British air-to-surface missile

Brimstone is a ground or air-launched ground attack missile developed by MBDA UK for the UK's Royal Air Force. It was originally intended for "fire-and-forget" use against mass formations of enemy armour, using a millimetre wave (mmW) active radar homing seeker to ensure accuracy even against moving targets. Experience in Afghanistan led to the addition of laser guidance in the dual-mode Brimstone missile, allowing a "spotter" to pick out specific and the highest priority targets, particularly useful to minimise collateral damage when friendly forces or civilians were in the area. The tandem shaped-charge warhead is much more effective against modern tanks than older similar weapons such as the AGM-65G Maverick missile. The Maverick however carries a 300 lb warhead to make up the difference in design. Three Brimstones are carried on a launcher that occupies a single weapon station, allowing a single aircraft to carry many missiles.
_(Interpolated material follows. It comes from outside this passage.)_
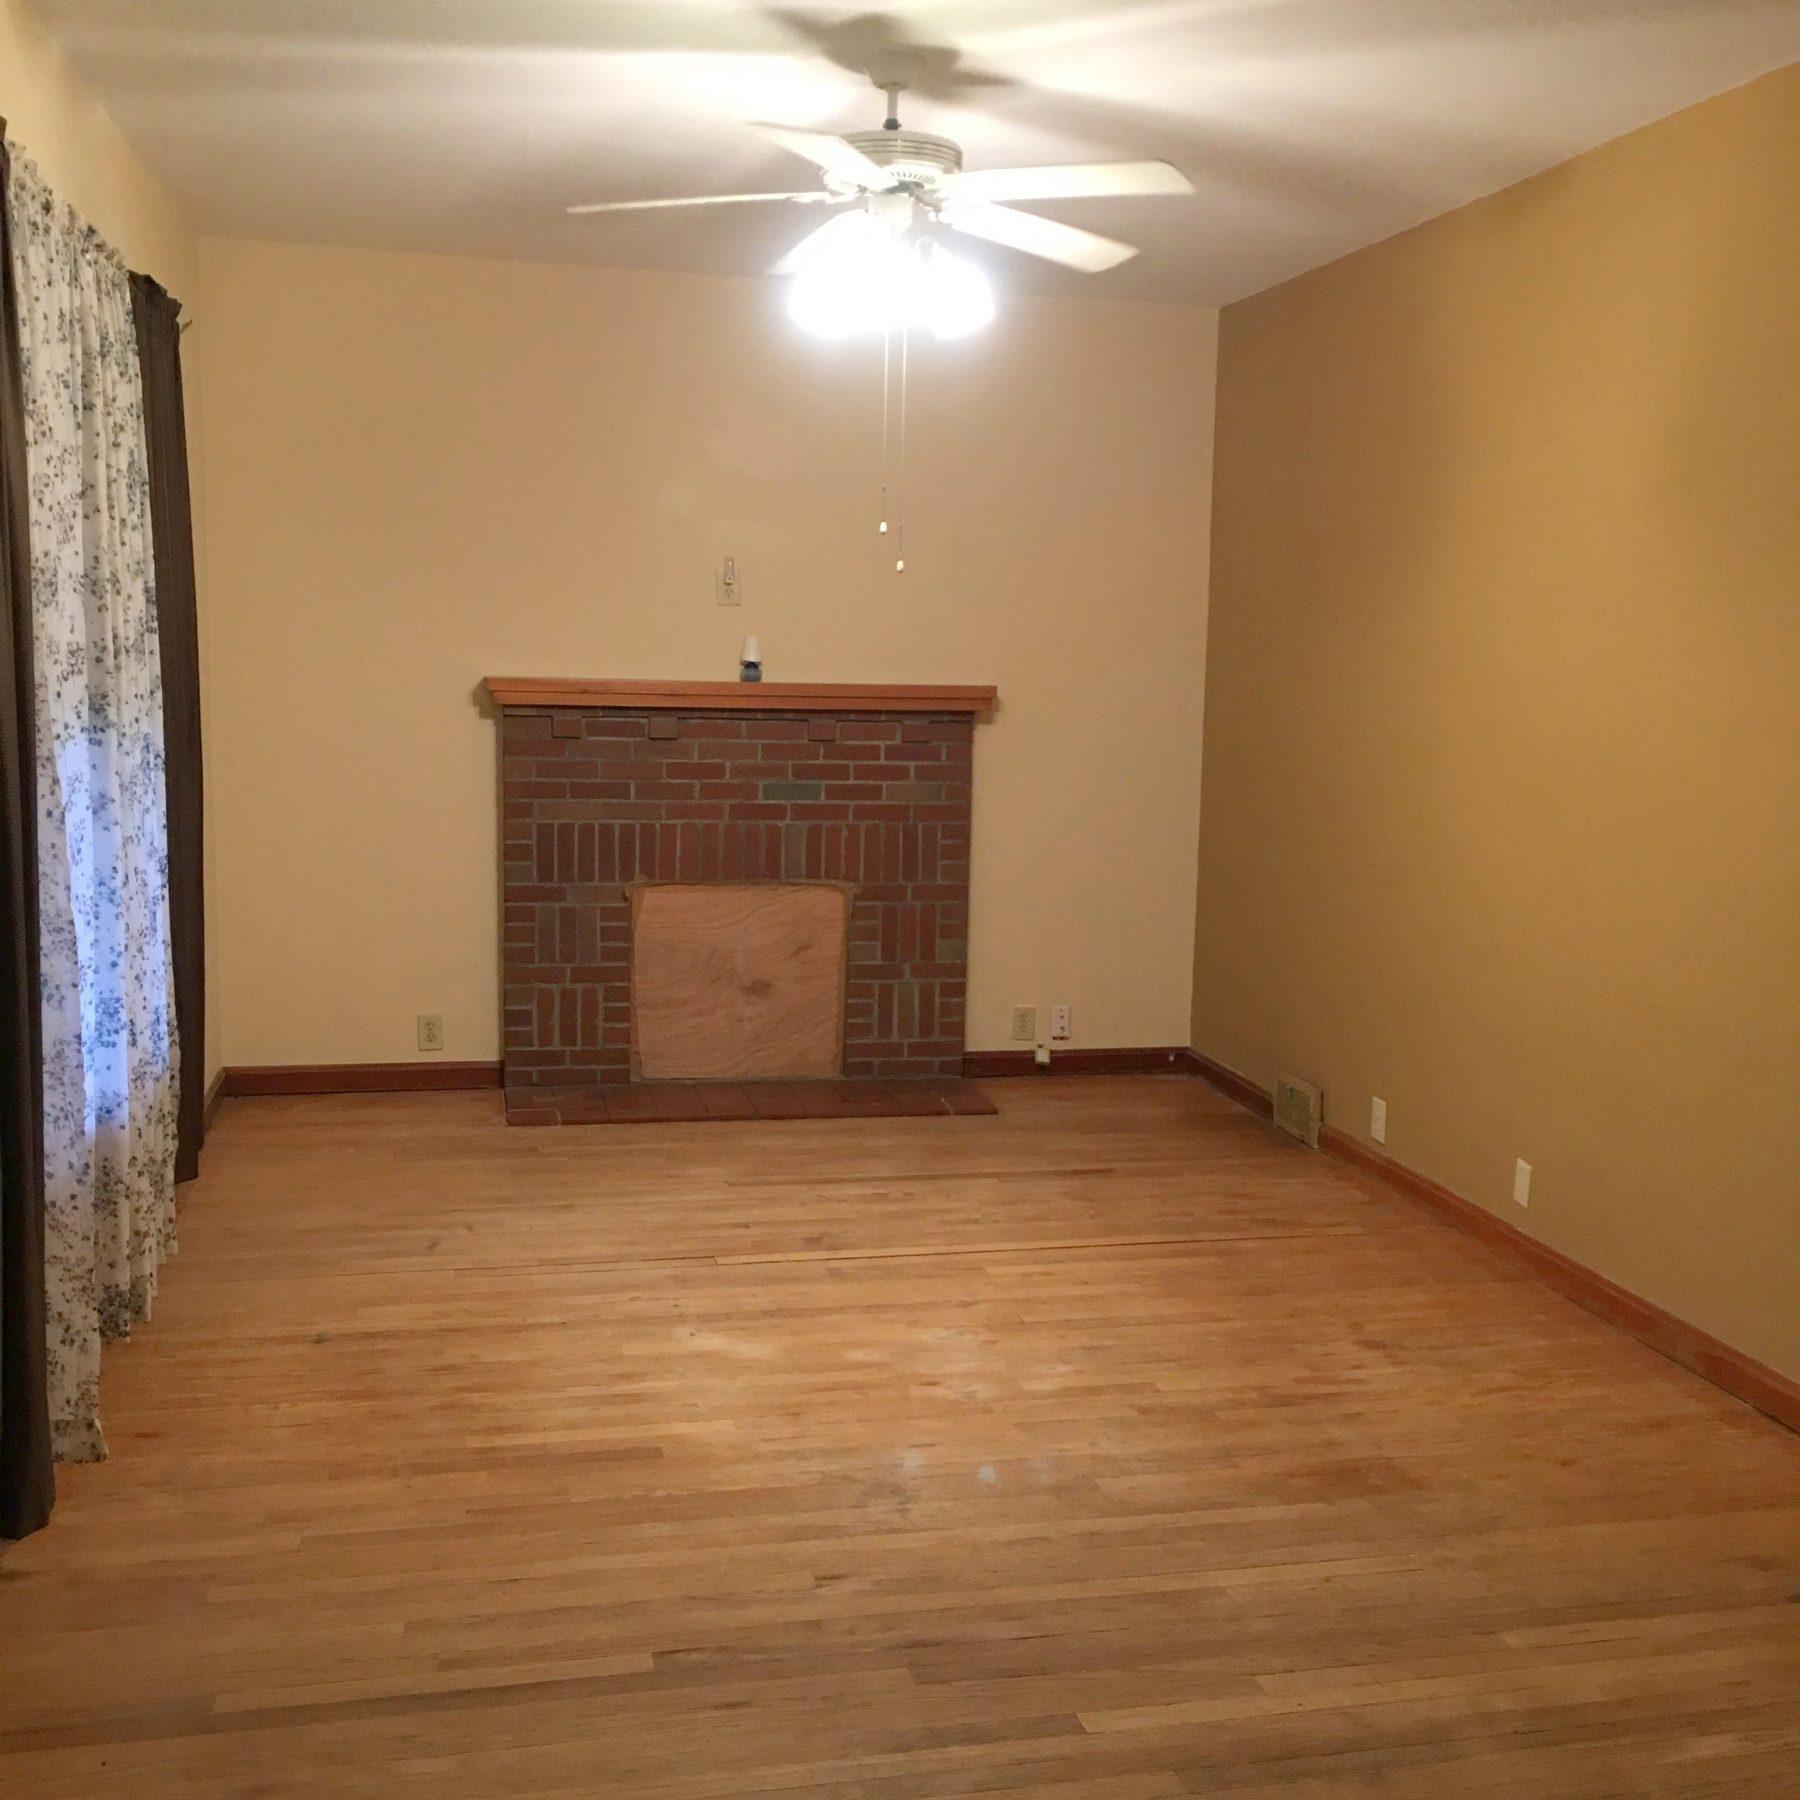 Varwig living room

After a protracted development programme, single-mode or "millimetric" Brimstone entered service with RAF Tornado aircraft in 2005, and the dual-mode variant in 2008. The latter was used extensively in Afghanistan and Libya. An improved Brimstone 2 was expected to enter service in October 2012, but problems with the new warhead from TDW and the ROXEL rocket motor put back the planned date to November 2015. MBDA is studying the use of Brimstone on ships, attack helicopters, UAVs, and from surface launchers. However, it will not be integrated on the Lockheed Martin F-35 Lightning II. Germany, Qatar and Saudi Arabia have purchased the missile. The cost per missile has been quoted as £175,000 each in 2015, or "over £100,000".

==Development==
===Previous developments===
There had been a number of British air-to-ground anti-armour concepts developed during the 1970s and 1980s, including the SNEB rocket, the proposed Hawkswing version of Swingfire, and ultimately the BL.755 cluster bomb. There were some alternatives offered during this time, including the 1966 Hawker Siddeley Dynamics (HSD) Cluster Martel proposal that mounted a cluster dispenser on the front of the Martel airframe to provide standoff capability.

===AST.1227===
BL.755 formed the basis for the Royal Air Force's (RAF) anti-armour air-to-ground strikes for many years, but it was always considered to be "expensive" if it needed to be used against individual targets instead of mass attacks. There were also concerns about the use of such weapons near friendly troops. This led to the late-1970s Air Staff Target 1227 (AST.1227) for a guided weapon to replace BL.755.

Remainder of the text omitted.